- **EXERCISE REQUIREMENTS**:
Print each record below precisely, with every picture left out of the copy.

- **Source records**:
━━━━━━━━
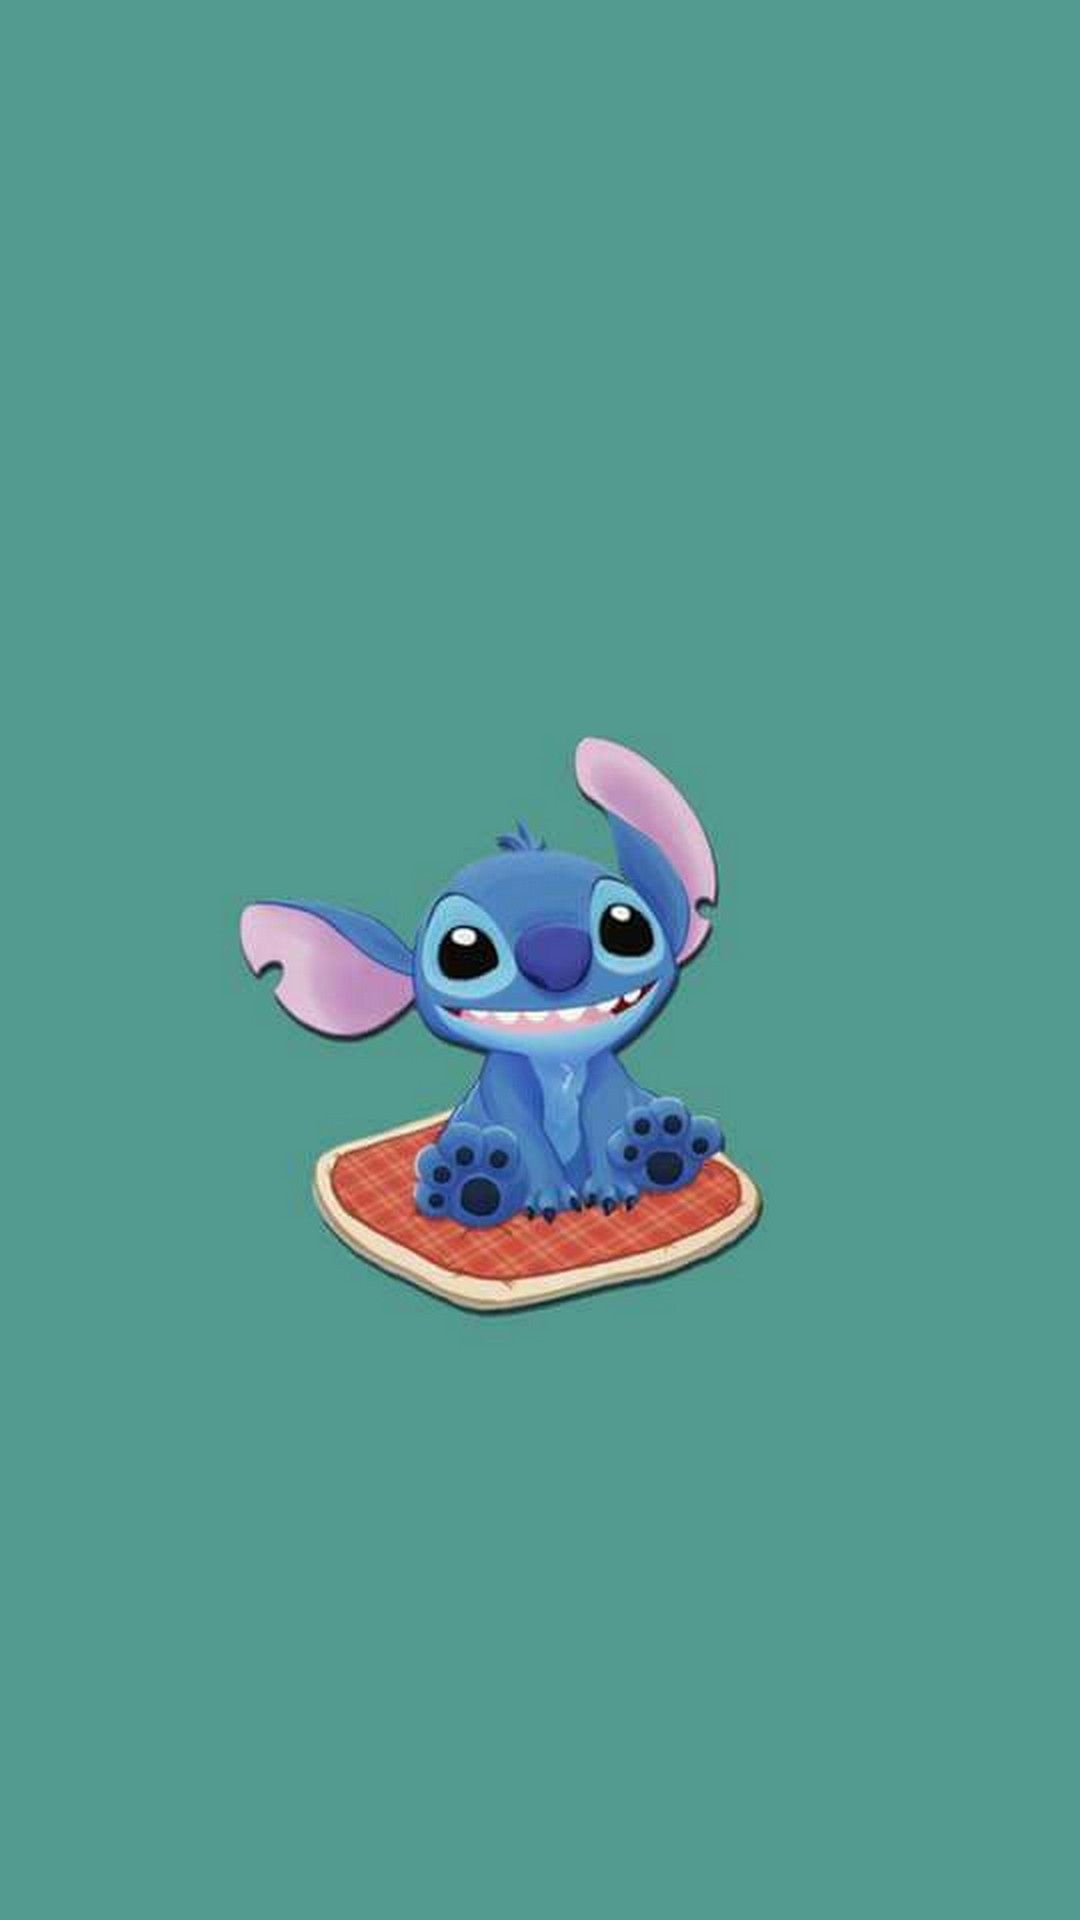 Wallpaper Stitch Disney Mobile. Best HD Wallpaper. Stitch disney, Cute disney wallpaper, Cute stitch
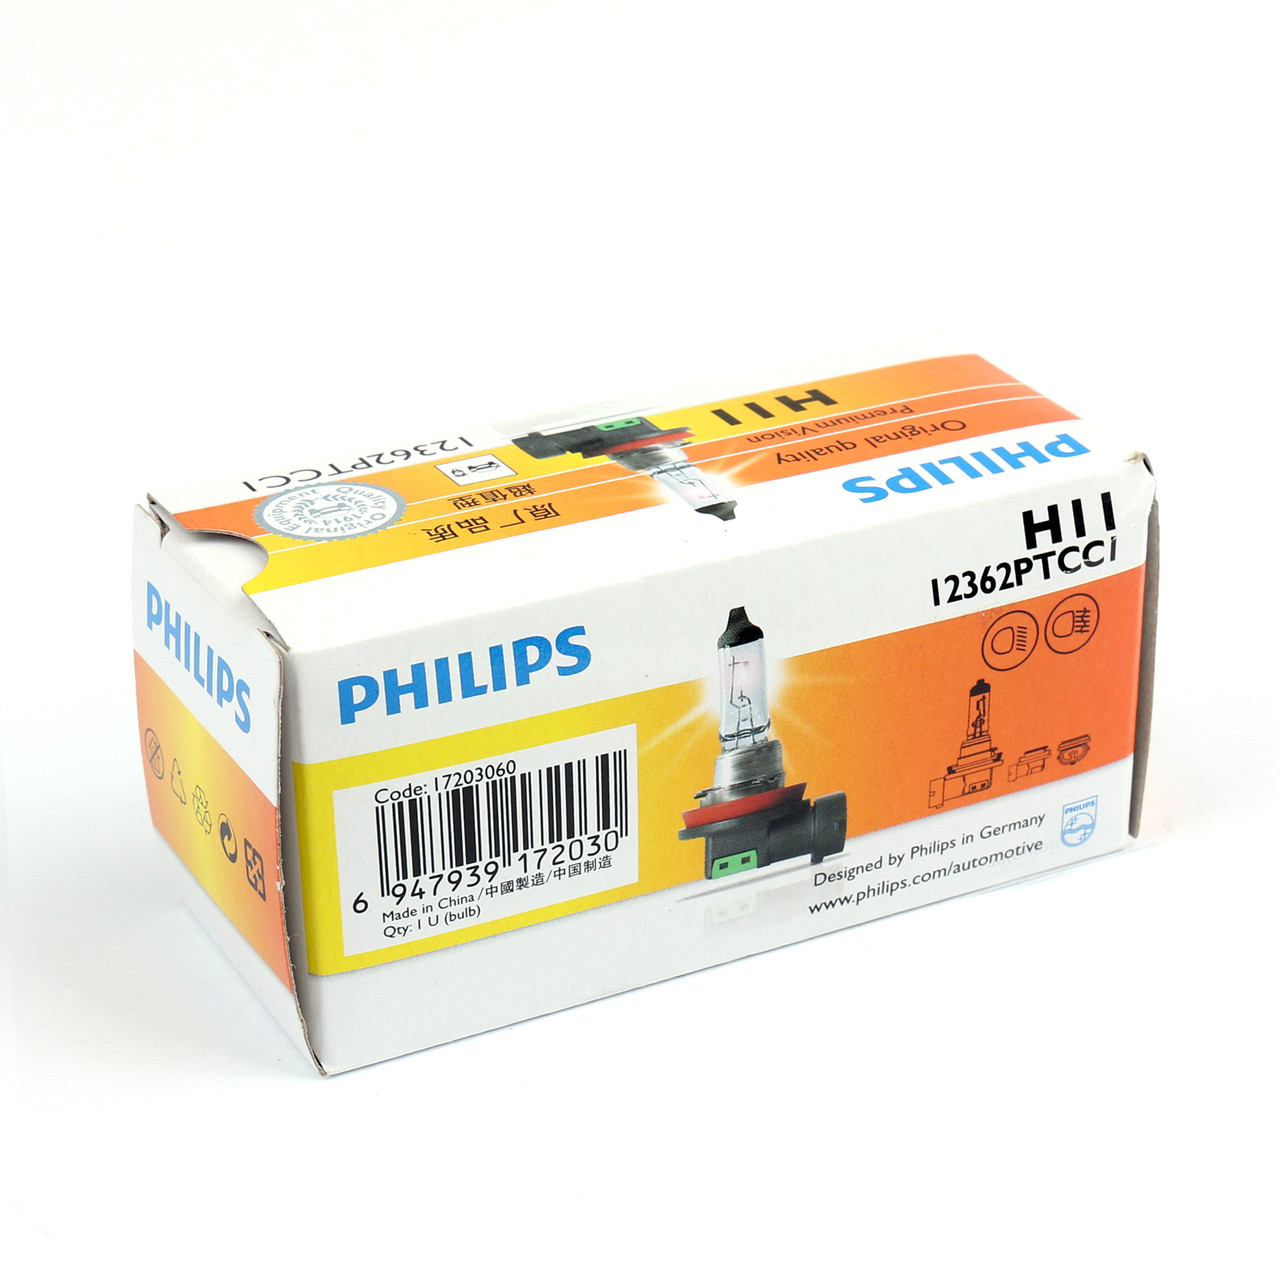 Philips Original Quality Premium Vision H11 12V 55W Halogen Bulb Signaling lamp
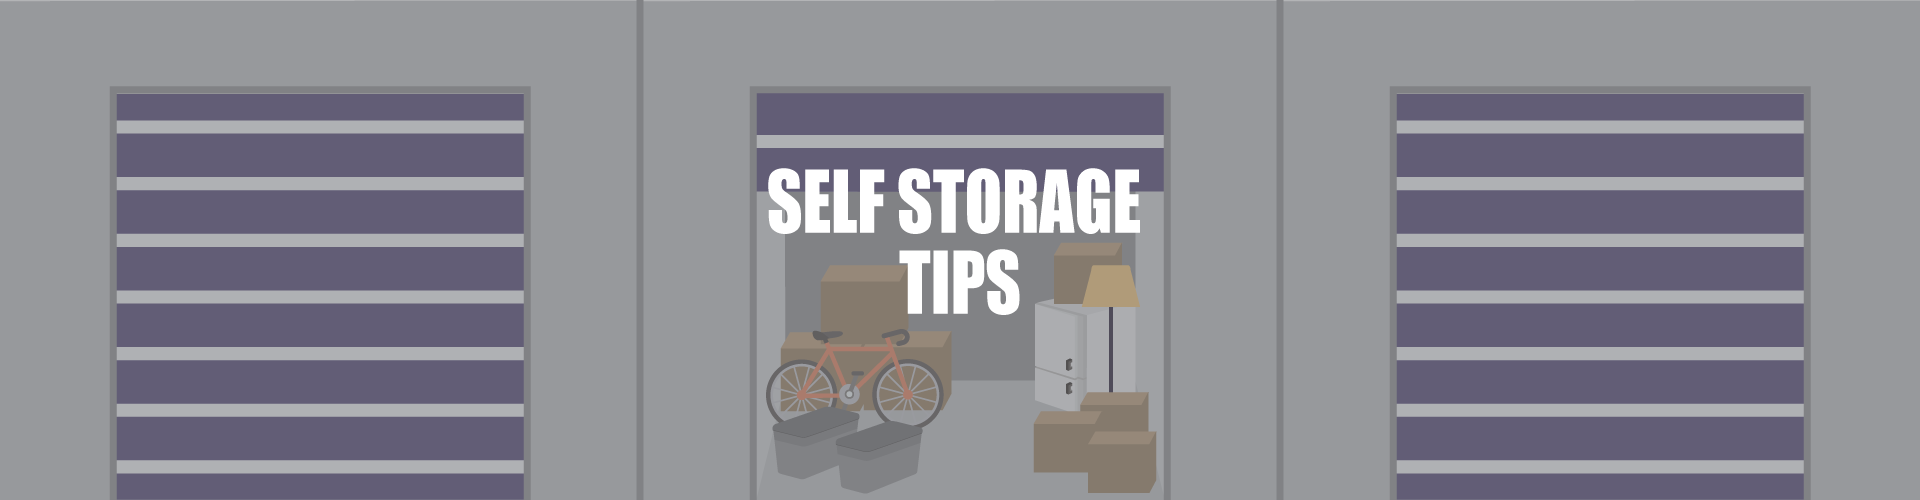 Self Storage Tips hero graphic
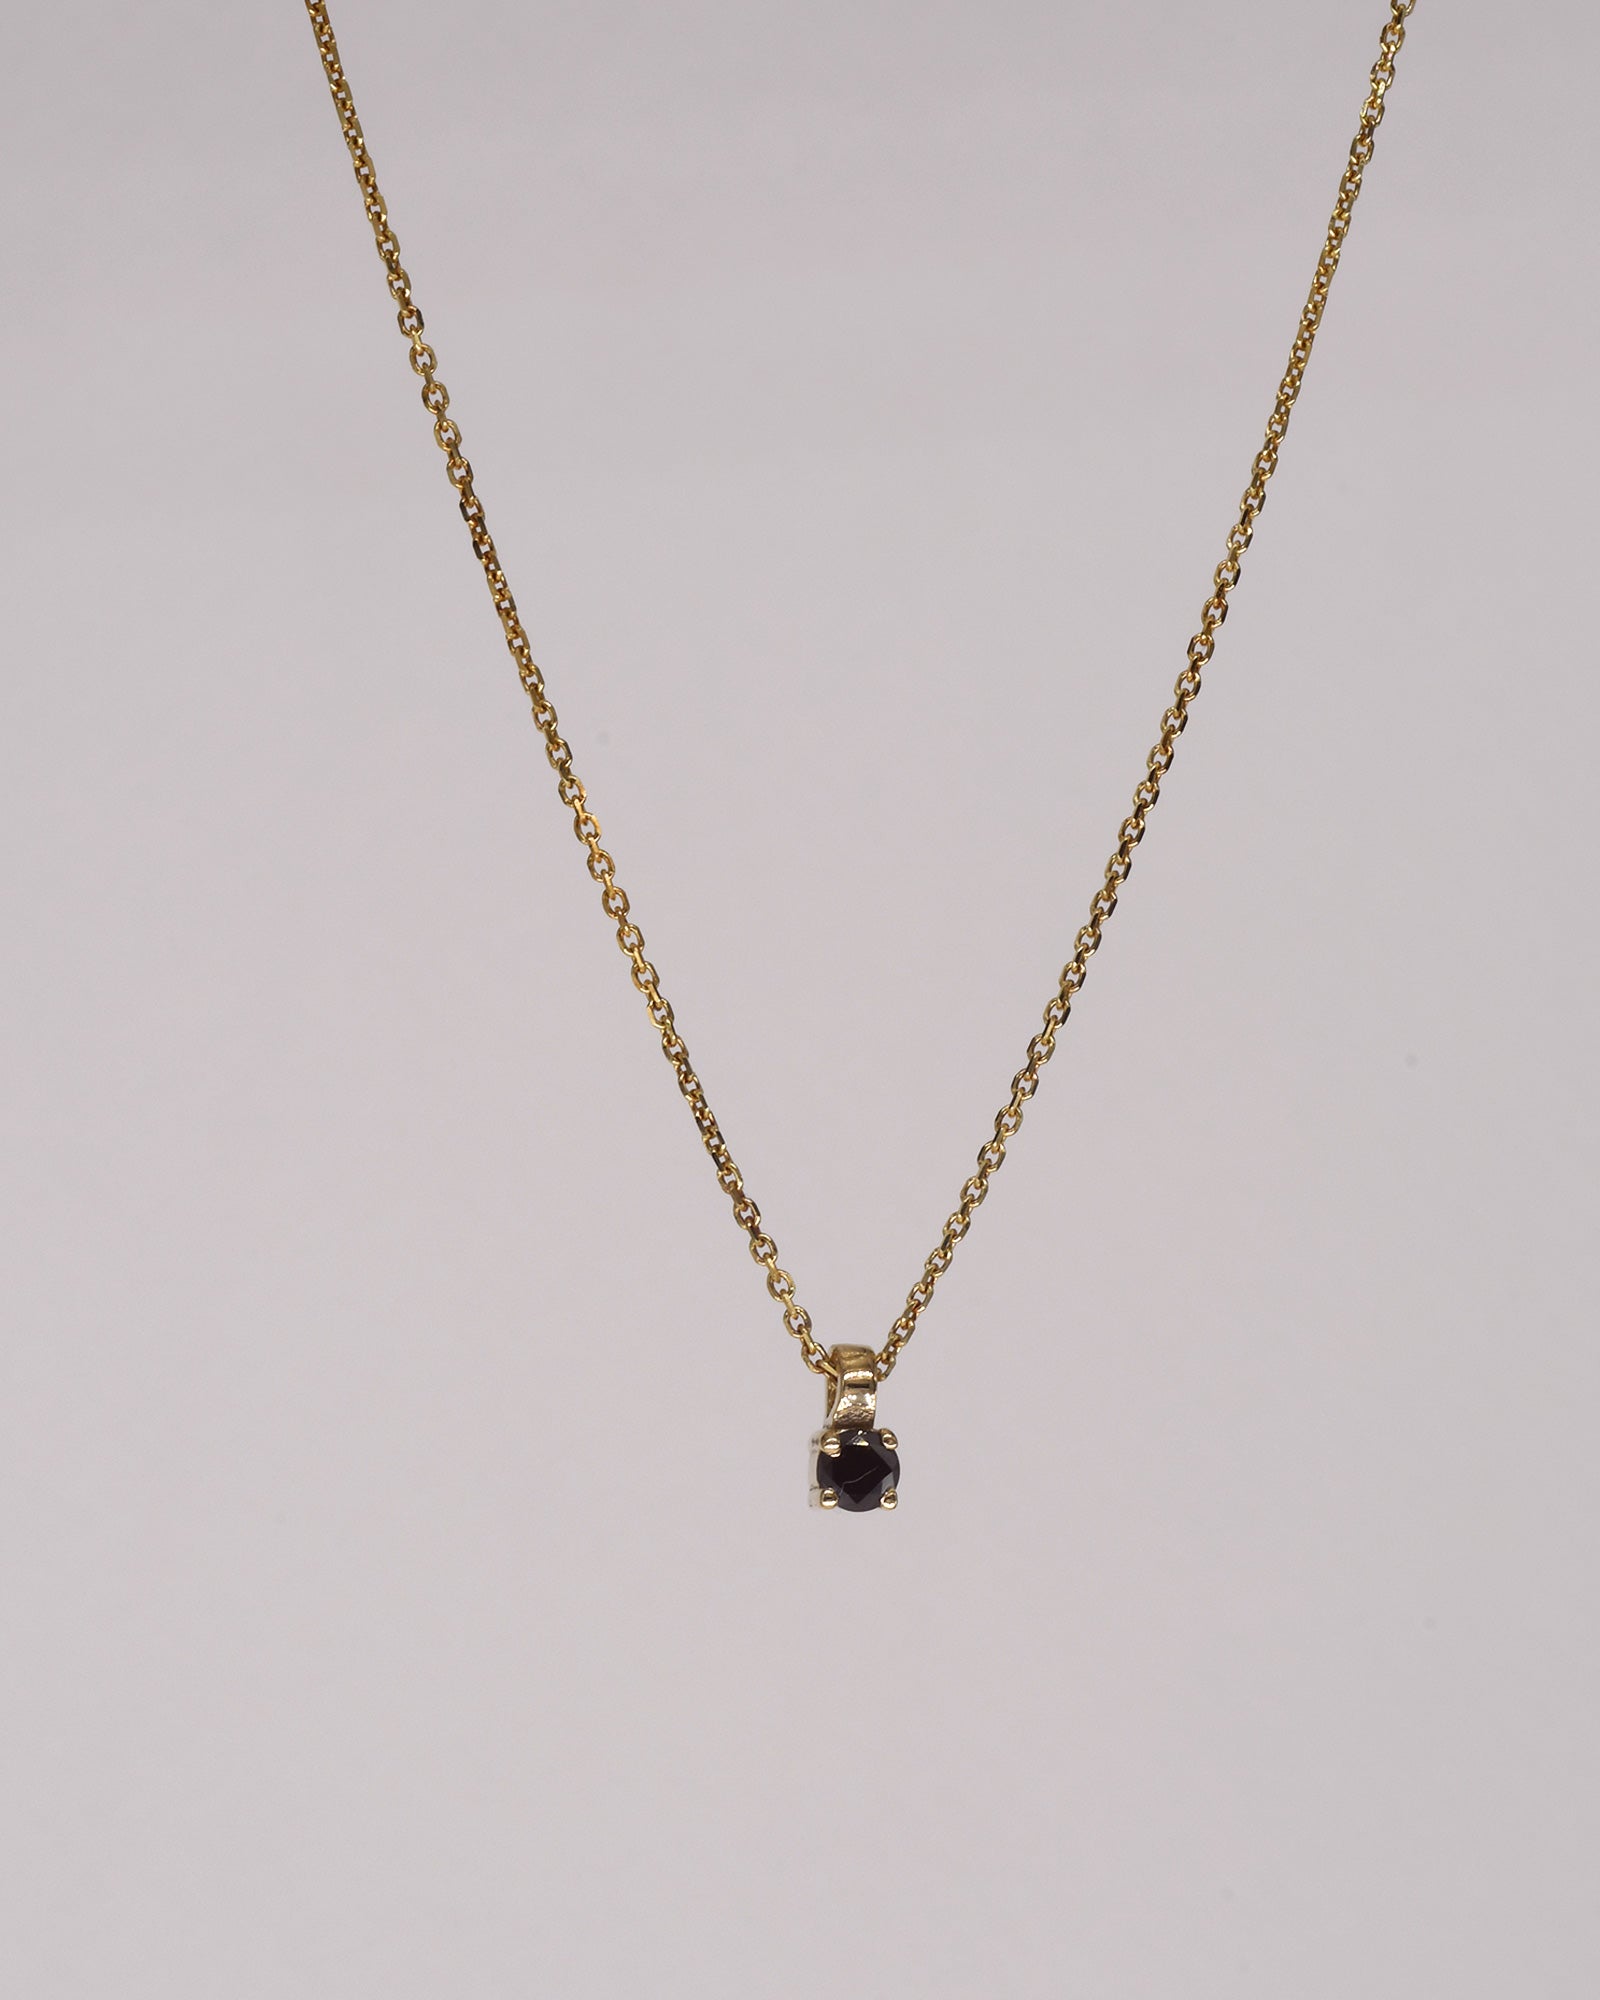 Snow Flake Necklace - Black Diamond
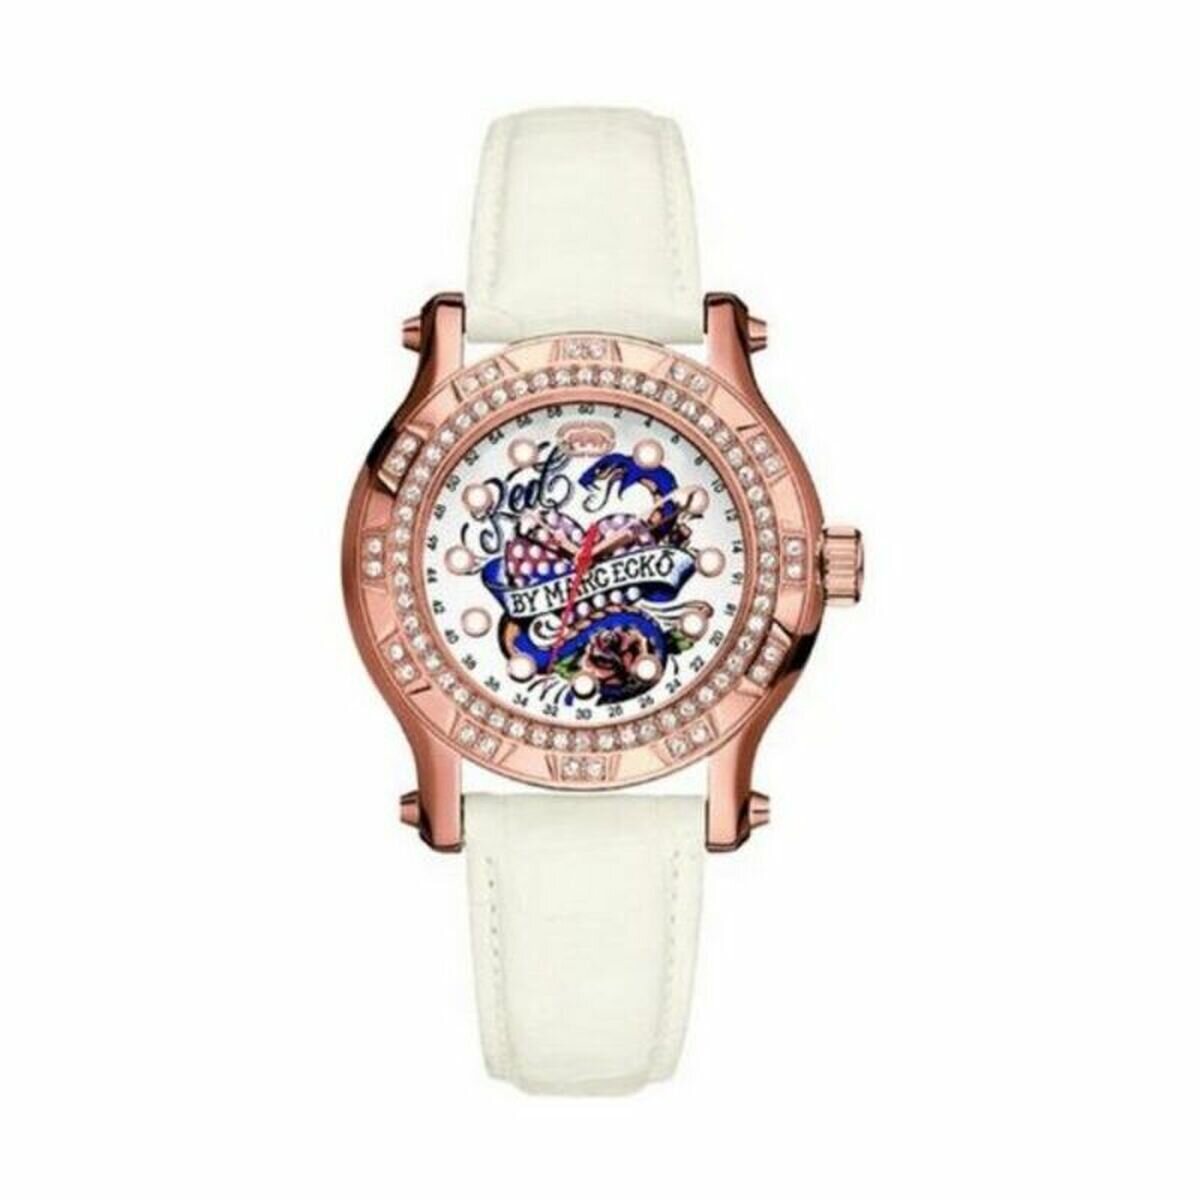 Ladies Marc Ecko Rose gold watch
━━━━━━━━
- **ANSWER BOX**:
 Wallpaper Stitch Disney Mobile. Best HD Wallpaper. Stitch disney, Cute disney wallpaper, Cute stitch
 Philips Original Quality Premium Vision H11 12V 55W Halogen Bulb Signaling lamp
 Self Storage Tips hero graphic
 Snow Flake Necklace - Black Diamond
 Ladies Marc Ecko Rose gold watch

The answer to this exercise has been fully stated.